Solved – A linear pattern occurs on the residual plot: what can I do

multicollinearitynonlinearitynormality-assumptionregressionresiduals

I'm a bit stuck with a problem here and any kind of help would help a lot 🙂

Just to give a clue about my data. I have 6 independant variables (IV) which are:

  • $X_1$ = Population -within a block-
  • $X_2$ = Households -within a block-
  • $X_3$ = Total Rooms -aggregated-
  • $X_4$ = Total Bedrood -aggregated-
  • $X_5$ = Median Income
  • $X_6$ = Ocean Proximity [Categorical]

and my dependant variable (DV) is $Y$ = Median House Price.

I ran a regression including all IVs but there is a violation for almost all OLS assumptions in addition to huge multicollinearity. Here are the residual plot and normality plot before any adjustments.

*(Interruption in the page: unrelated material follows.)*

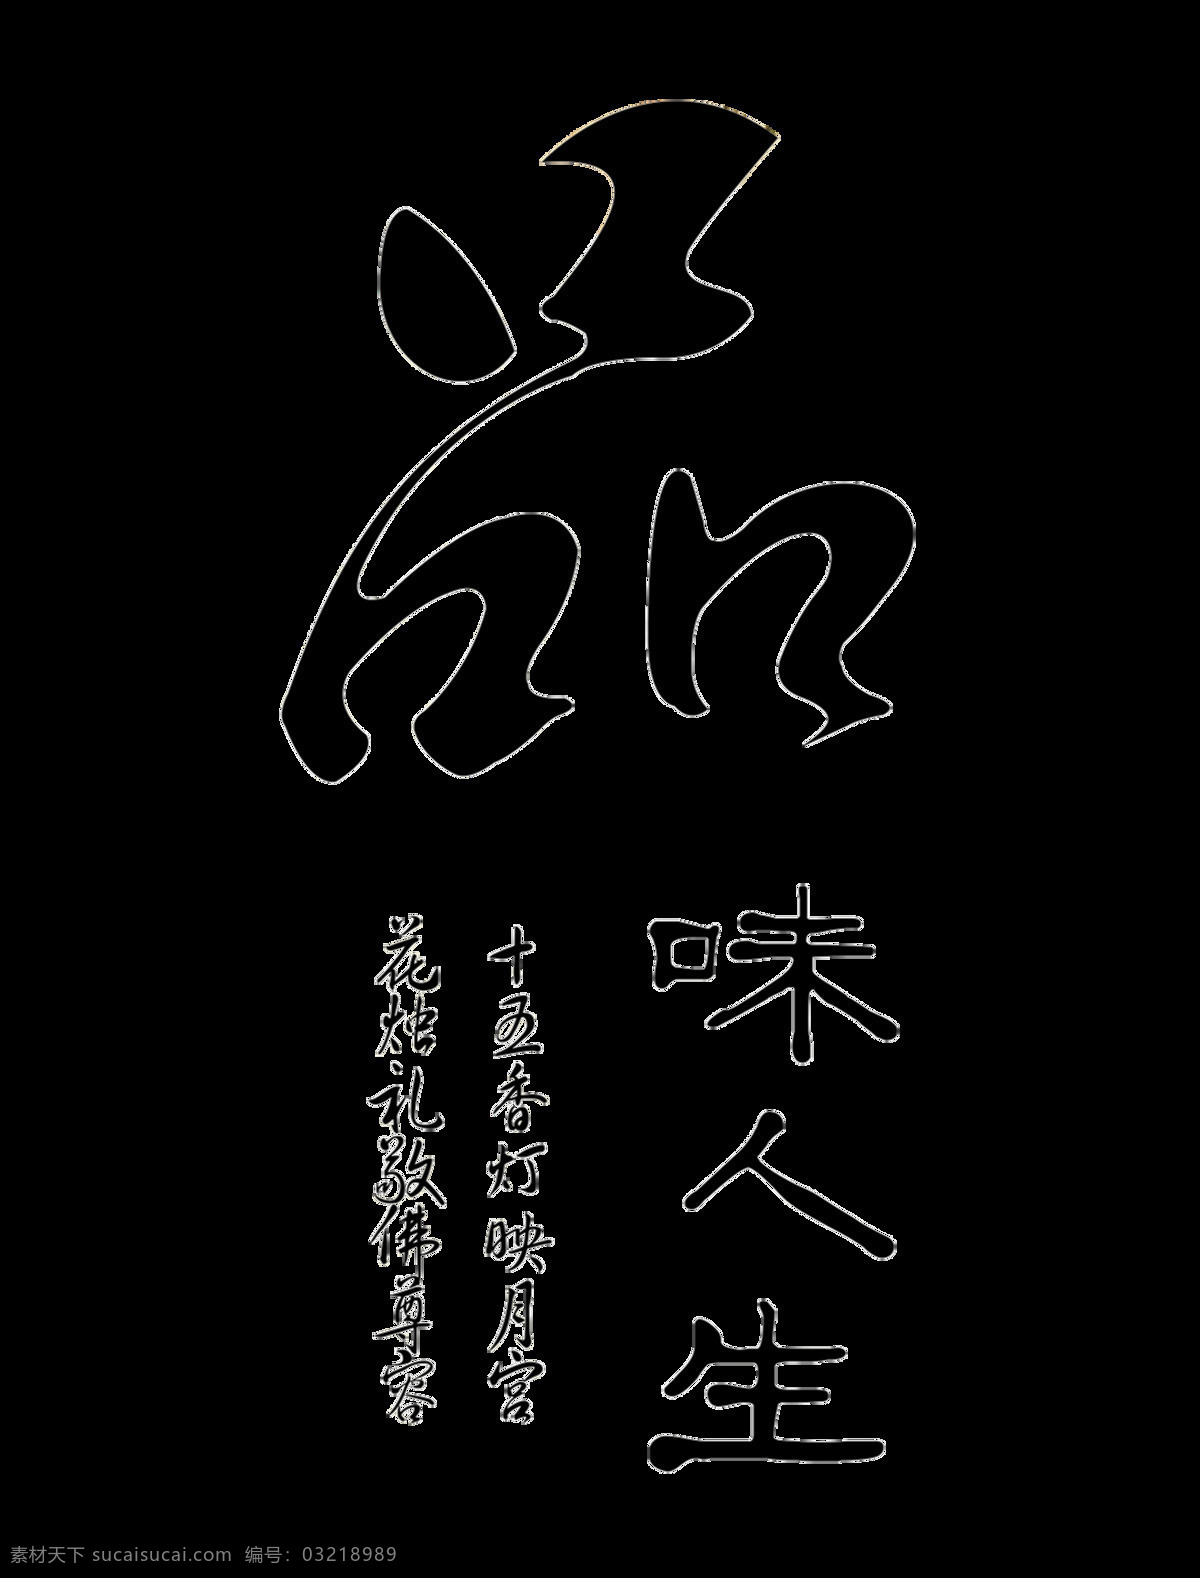 品味 人生 中国 风 艺术 字 中国风 古典 字体 品味人生 意境 古风 艺术字 海报

enter image description here

What I did then is transform all my IVs and my DV using the Box-Tidwell method which I think it is not the correct way of solving the issue so this is my first question what can I do to solve the normality issue?

The other problem is that even after transforming all variables I still have an issue in my residual plot which is the main problem here. I have a linear pattern on the graph that I don't know how to solve. I run my DV against each IV separately and still have the same issue. Here is the graph for the transformed model.

enter image description here

Best Answer

Just to help you understand what you are looking at a bit better on your residual plot, your data looks something like this:

enter image description here

Your model is fine until the price gets capped; then you need to determine whether the rest of the model is valid or not. The capped price has to be due to unrecorded data above that price because you would not expect to see data like that in reality for your particular problem. So then you have to think about what the data looks like above that price. It may be that the linear relationship no longer holds once you go above the grey line and this would be a limitation of using a linear model here. The data may curve and flatten off in reality, in which case a logarithmic curve would fit much better, so it would be unwise to predict data above that line with a linear model.

Also, do you care what happens above the grey line, or do you only need the model for the part where the model is valid? If you are only interested in the portion of the model that is valid, then you don't need to worry about the rest. These are some of the things you might want to think about.